Just like César Vallejo, who envisioned his own death taking place on a rainy Thursday in Paris, Odubanjo had been staring directly into his future. Much has been made of Odubanjo’s ability to sound like London’s millennial answer to Frank O’Hara, including by me, but it strikes me now that his work had much more in common with another New Yorker, namely the Nuyorican poet Miguel Piñero (1946–1988): ‘Just once before I die / I want to climb up on a / tenement sky / to dream my lungs out till / I cry / then scatter my ashes thru / the Lower East Side.’
But Odubanjo didn’t die in London, in the neighbourhood where he was raised. Instead, he died somewhere in the Kelmarsh area of Northamptonshire, near the site of the Shambala festival, where he had been scheduled to perform. Last seen at 4am on Saturday 26 August, he was found five days later on Thursday 31, after a supposedly ‘extensive’ search carried out by the police. In the immediate aftermath of his death, the articles in the UK’s major press outlets began to sound like Odubanjo poems. A black poet has gone missing, they said, in the lead-up to his ‘forthcoming collection, which explores structural inequality when it comes to searching for missing Black people in the UK.’ The irony is difficult to bear. I can’t even imagine what it’s been like for his loved ones. While my heart goes out to his family and closest friends, I also feel for the generation Gboyega belongs to – writers in their late twenties, a decade younger than me – for they have just lost one of their most genuine poets and publishing world impresarios. There was much to come, and we all knew it. He should have finished his PhD at Hertfordshire; he should have seen Faber & Faber publish his debut collection Adam in April; he should have signed copies for his devoted family, friends, and admirers; he should have moved on to the next phase of his career (I always imagined he would have made an excellent editorial choice for London poetry imprints looking to go in a new direction). He should have done many things, but none of them are going to happen now. Gboyega is dead, and this is unfair in an almost unspeakable number of ways.

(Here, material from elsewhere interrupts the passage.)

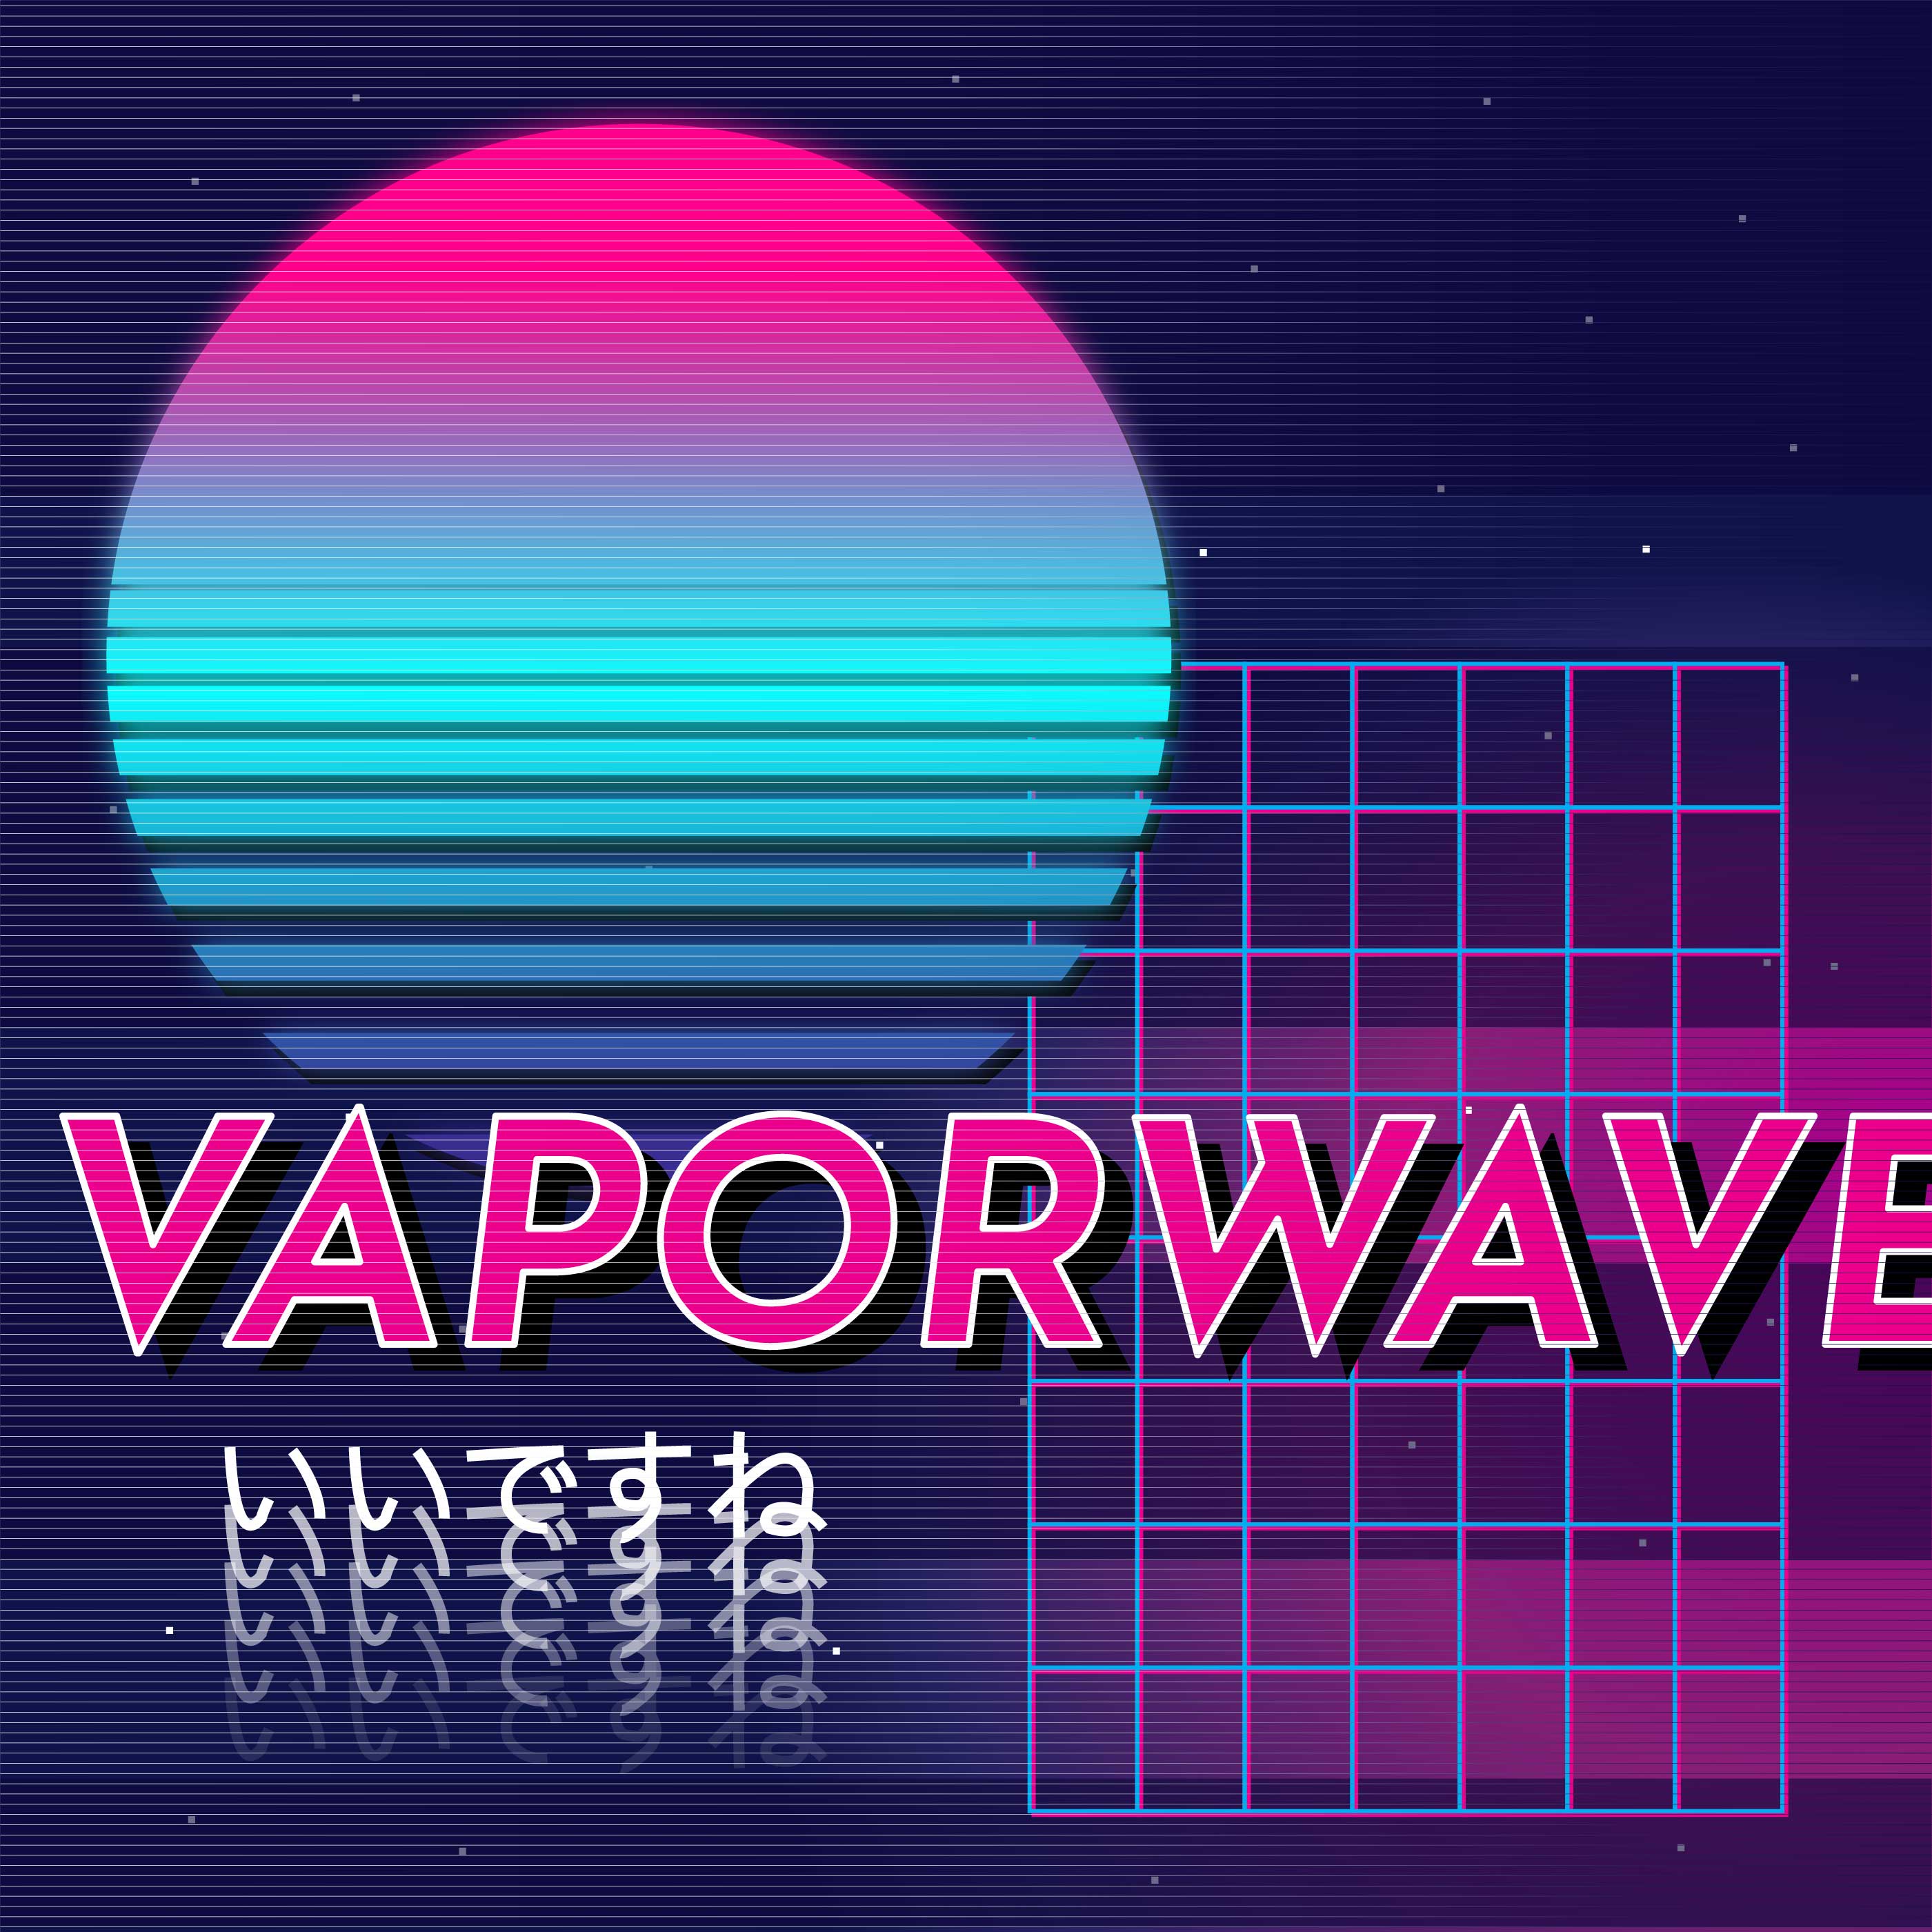 Vaporwave Background Download Free Vectors Clipart Graphics

Gboyega was right in ‘Obit’. We will witness him die a million more deaths. Many of those deaths have already happened. The Shambala Festival murdered him when they called him ‘the man’ in their statements instead of using his name. The Northamptonshire Police murdered him when they said that there were no ‘suspicious circumstances surrounding his death’ without first calling his family who still didn’t know his body had been found. The people reporting on his disappearance murdered him when they condensed his life into fewer words than a dinner menu. All the poets out there sending their thoughts and prayers into the virtual ether are also killing him, by failing to keep in mind the fact that Gboyega brought an honesty to bear on his work and relationship that puts most of his coevals to shame.

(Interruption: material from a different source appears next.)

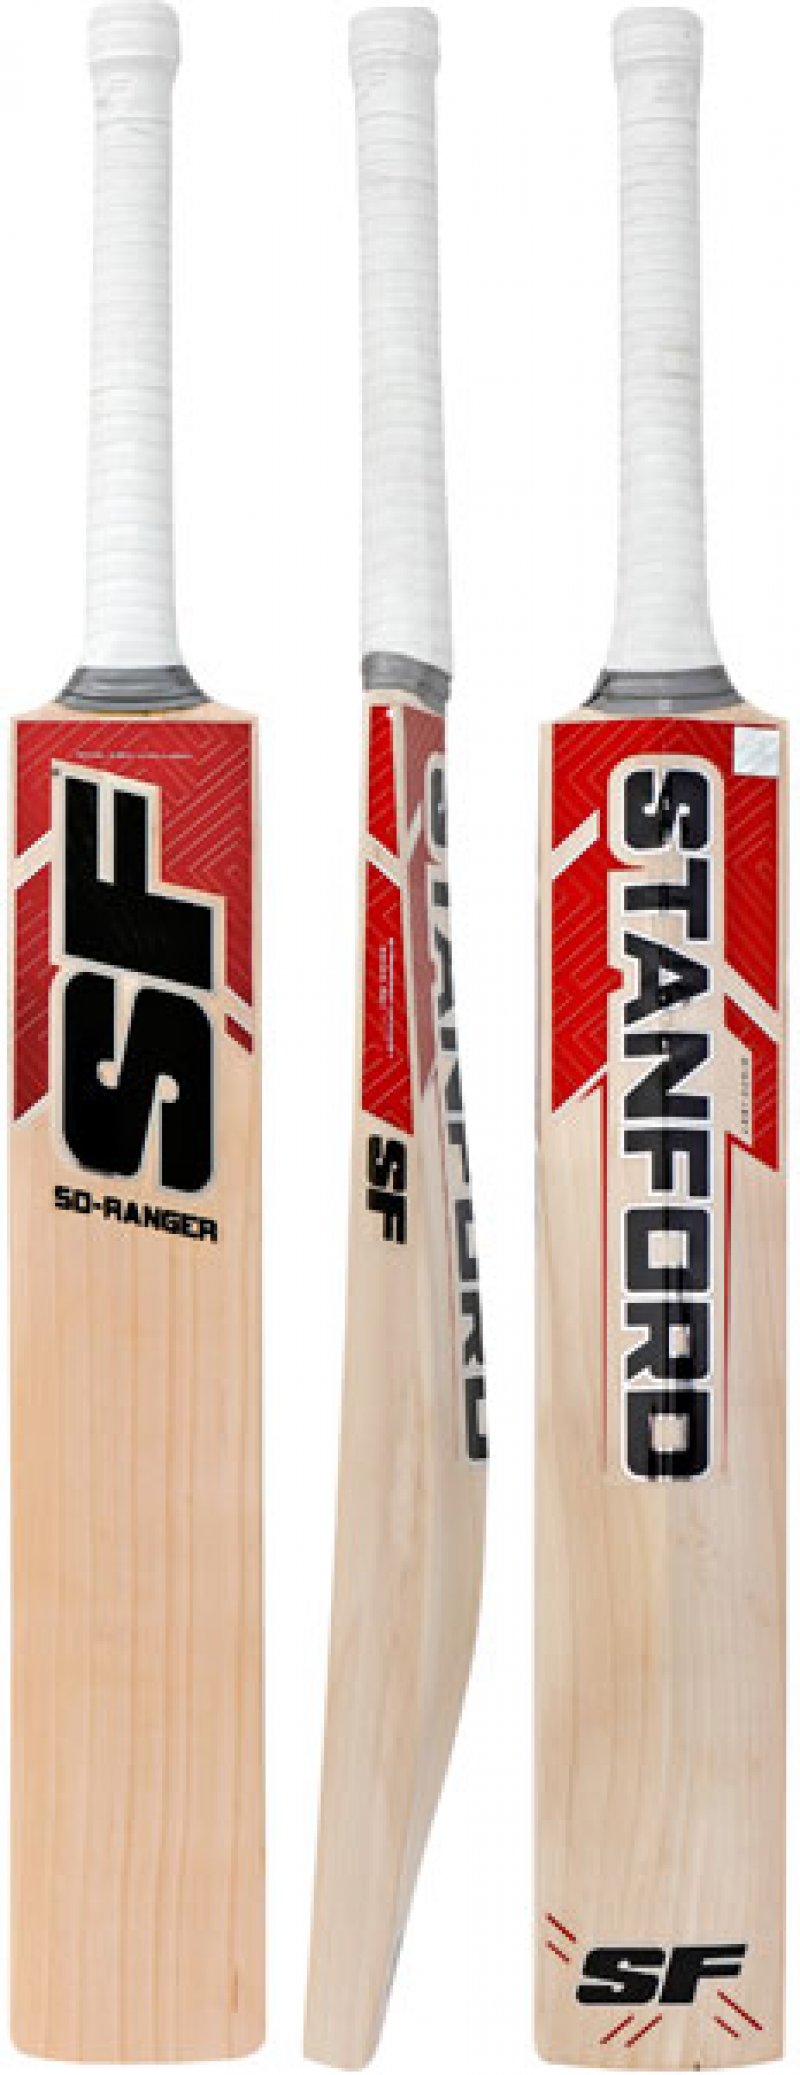 SF Stanford SD Ranger Cricket Bat

In a scene dominated by social media-obsessed narcissists who have wilfully forgotten the ability to distinguish between speaking to power and appearing like you’re speaking to power while cashing in a cheque, Gboyega’s absence will be nothing short of catastrophic. For that, and many other reasons, I mourn the man he was, as much as I mourn the mentor and editor who breathed new hope into poets when they most needed it – myself included. For now, I will remember him for what he was to me: a gifted poet, an electrifying performer, a fierce hugger.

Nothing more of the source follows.